With reference to the sixth implementation manner of the second aspect, in a seventh implementation manner of the second aspect, the image screening includes screening the outlined anal sphincter complex tissue from a complex image; the region growing serves to segment out the anal sphincter complex musculature.
With reference to the sixth implementation manner of the second aspect, in an eighth implementation manner of the second aspect, the present disclosure further includes performing three-dimensional finite element pretreatment on the global geometric model of the anal sphincter complex before the converting the global geometric model into the entity.
The technical scheme provided by the embodiment of the disclosure can comprise the following beneficial effects:
according to the technical scheme provided by the embodiment of the disclosure, the stress of the anal sphincter complex is simulated by combining non-invasive examination with the finite element model, so that the mechanical characteristics of the anal sphincter complex and the pathogenesis of anal incontinence caused by damage of the anal sphincter complex can be more intuitively known from the mechanical angle, a biomechanical basis is provided for pelvic floor dysfunction diseases, particularly the occurrence mechanism of bowel control dysfunction caused by perianal muscle tissue, and theoretical support is provided for the establishment of anal wilt diagnosis and treatment schemes such as traditional Chinese medicine on-line therapy and the implementation of quantitative operations.

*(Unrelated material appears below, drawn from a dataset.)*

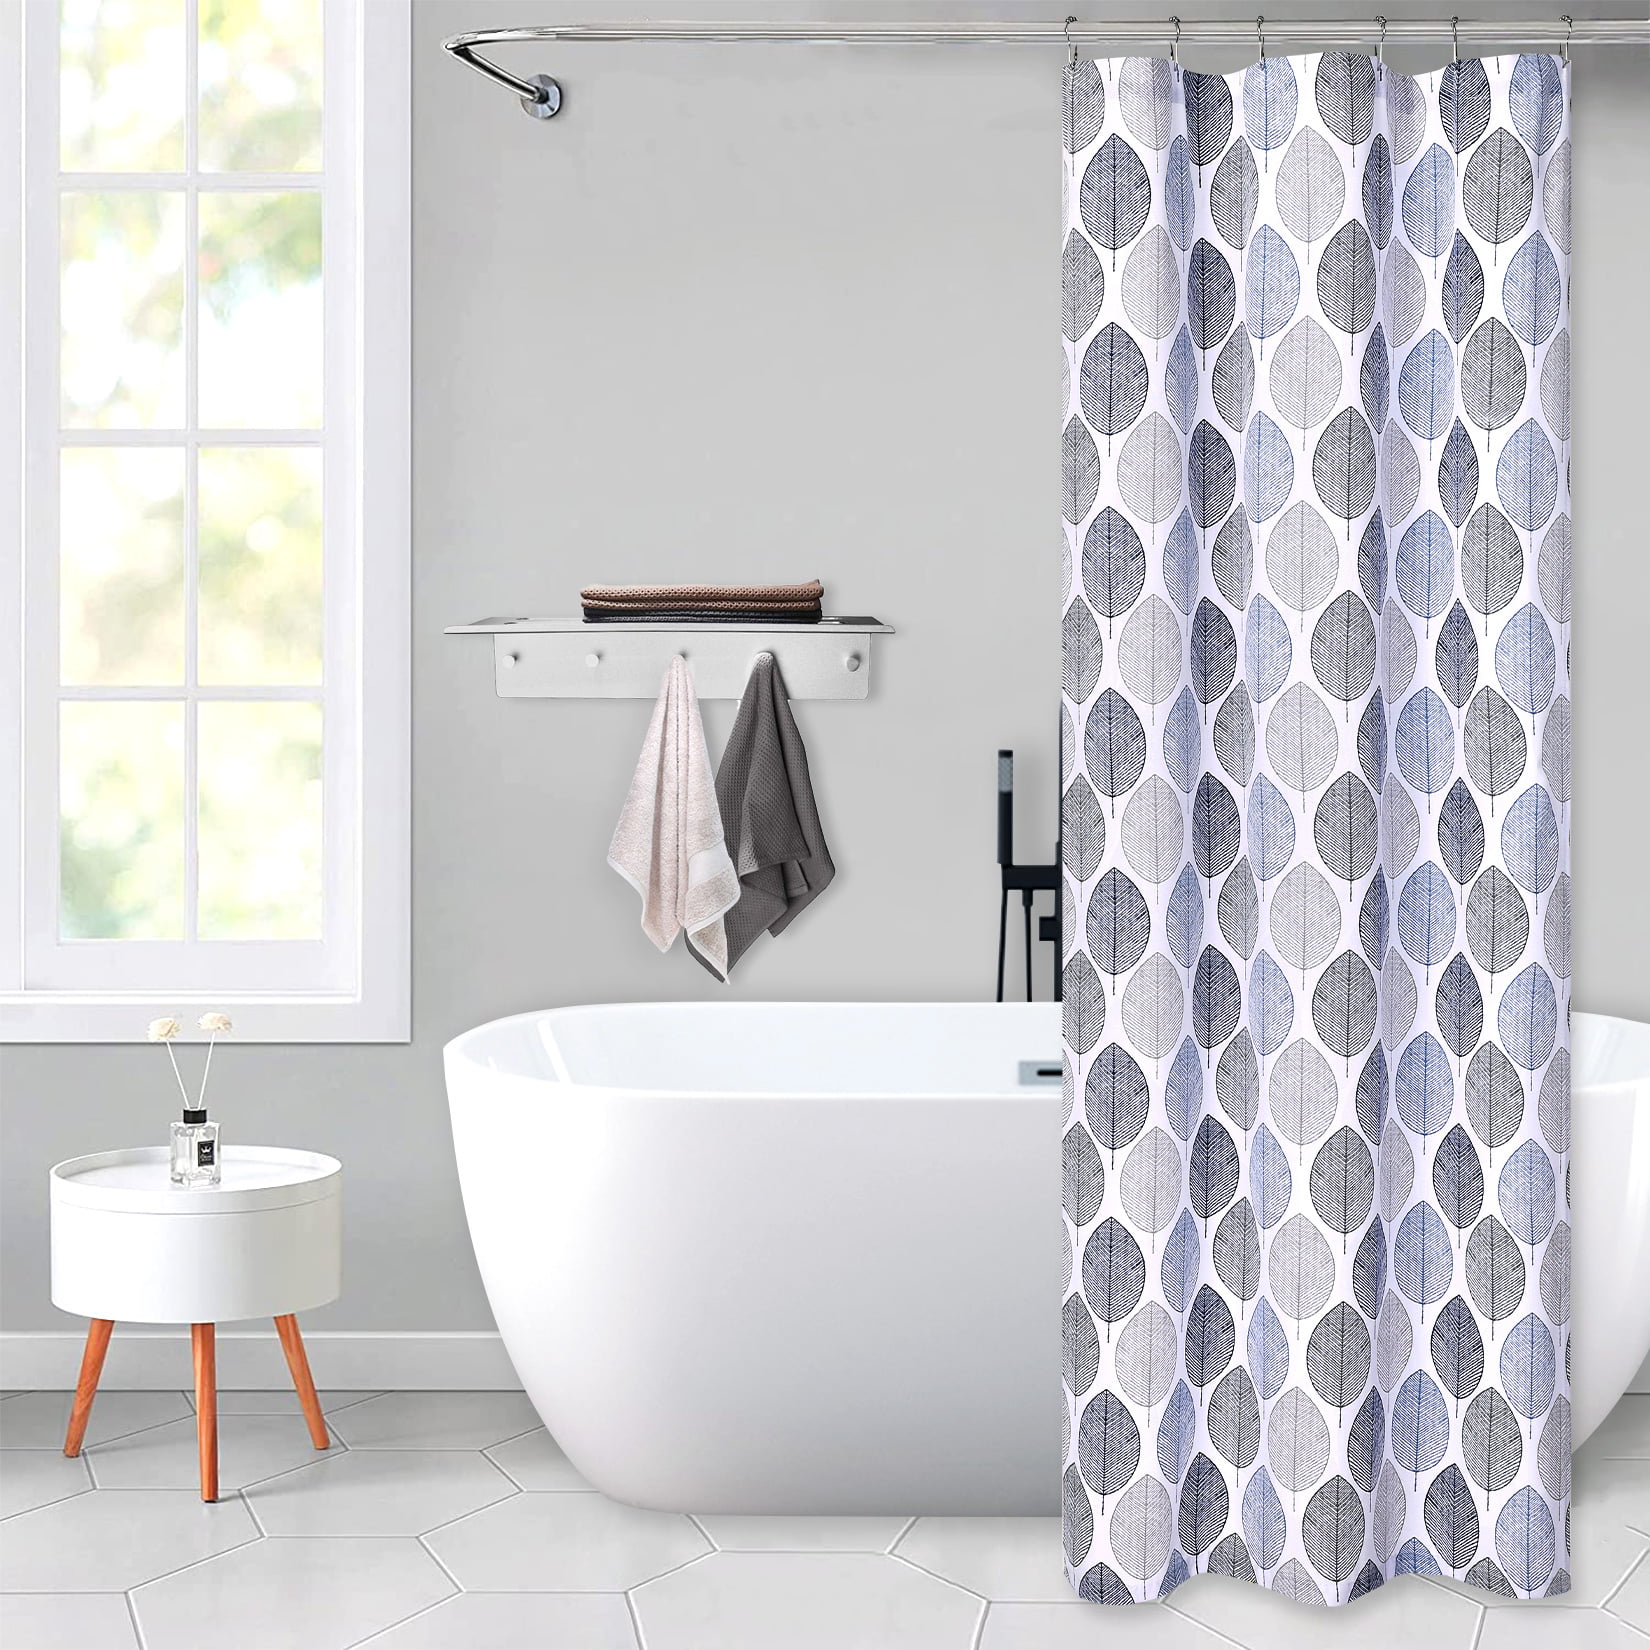 GlowSol Shower Curtain 72x72 Heavy Duty Thick Hotel Luxury Waterproof  Plaid Fabric Shower Curtain for Bathroom Washable, Gray, 1 Panel

It is to be understood that both the foregoing general description and the following detailed description are exemplary and explanatory only and are not restrictive of the disclosure.
Drawings
Other features, objects and advantages of the present disclosure will become more apparent from the following detailed description of non-limiting embodiments, taken in conjunction with the accompanying drawings. In the drawings:
fig. 1 illustrates a flow chart of simulating anal sphincter complex stress in accordance with an embodiment of the present disclosure;
FIG. 2A illustrates a scan parameter map of a CT scan in accordance with an embodiment of the present disclosure;
FIG. 2B illustrates a scan parameter map of an MR scan in accordance with an embodiment of the present disclosure;
FIG. 3 illustrates a flowchart of constructing an anal sphincter complex model based on pelvic CT data and anal sphincter complex muscle group MR data in accordance with an embodiment of the present disclosure;
fig. 4A shows a schematic diagram of an anal sphincter complex global geometric model after three-dimensional finite element pre-treatment in accordance with an embodiment of the present disclosure;
FIG. 4B illustrates a close-up view of the global geometric model shown in FIG. 4A;
fig. 5 shows a schematic representation of an anal sphincter complex model obtained according to an embodiment of the present disclosure;
FIG. 6 illustrates a schematic diagram of a resolved rigid body created in accordance with an embodiment of the present disclosure;
FIG. 7 illustrates a flow chart for configuring an anal sphincter complex model and analytical rigid bodies in a finite element simulation system according to an embodiment of the present disclosure;
FIG. 8 illustrates a schematic model diagram after setting up an anal sphincter complex model and analyzing contact properties of a rigid body in a finite element simulation system according to an embodiment of the present disclosure;
FIG. 9 illustrates a schematic diagram of a model with two sides constrained to an anal sphincter complex model in a finite element simulation system according to an embodiment of the present disclosure;
fig. 10 shows a schematic diagram of stress curves and stress values of an anal sphincter complex simulated according to an embodiment of the present disclosure;
fig. 11 shows a block diagram of a simulated anal sphincter complex stress device in accordance with an embodiment of the present disclosure.
Detailed Description
Hereinafter, exemplary embodiments of the present disclosure will be described in detail with reference to the accompanying drawings so that those skilled in the art can easily implement them. In addition, for the sake of clarity, portions irrelevant to description of the exemplary embodiments are omitted in the drawings.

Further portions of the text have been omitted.